==== RECORDED INFORMATION
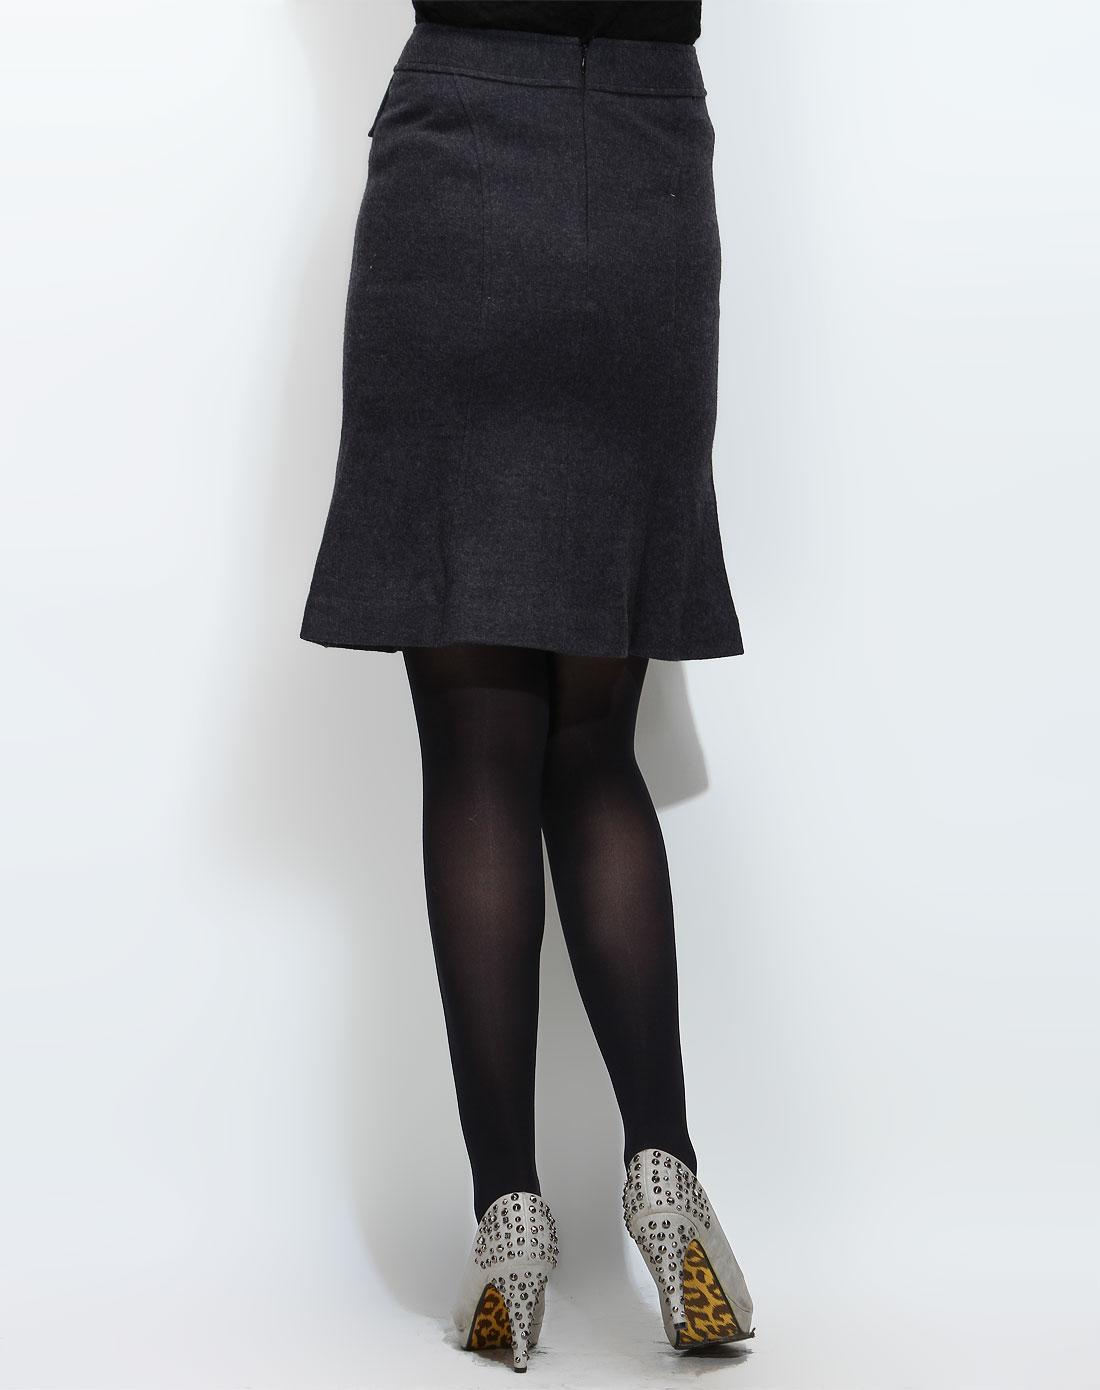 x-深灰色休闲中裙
========
==== RECORDED INFORMATION
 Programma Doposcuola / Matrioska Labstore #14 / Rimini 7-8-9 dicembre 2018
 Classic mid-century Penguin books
========
• EXERCISE OBJECTIVE
Taking the records above, retype every line from the one with "Programma Doposcuola /" down to the one with "Classic mid-century Penguin books", exactly and with nothing else.

• OUTPUT
 Programma Doposcuola / Matrioska Labstore #14 / Rimini 7-8-9 dicembre 2018
 Classic mid-century Penguin books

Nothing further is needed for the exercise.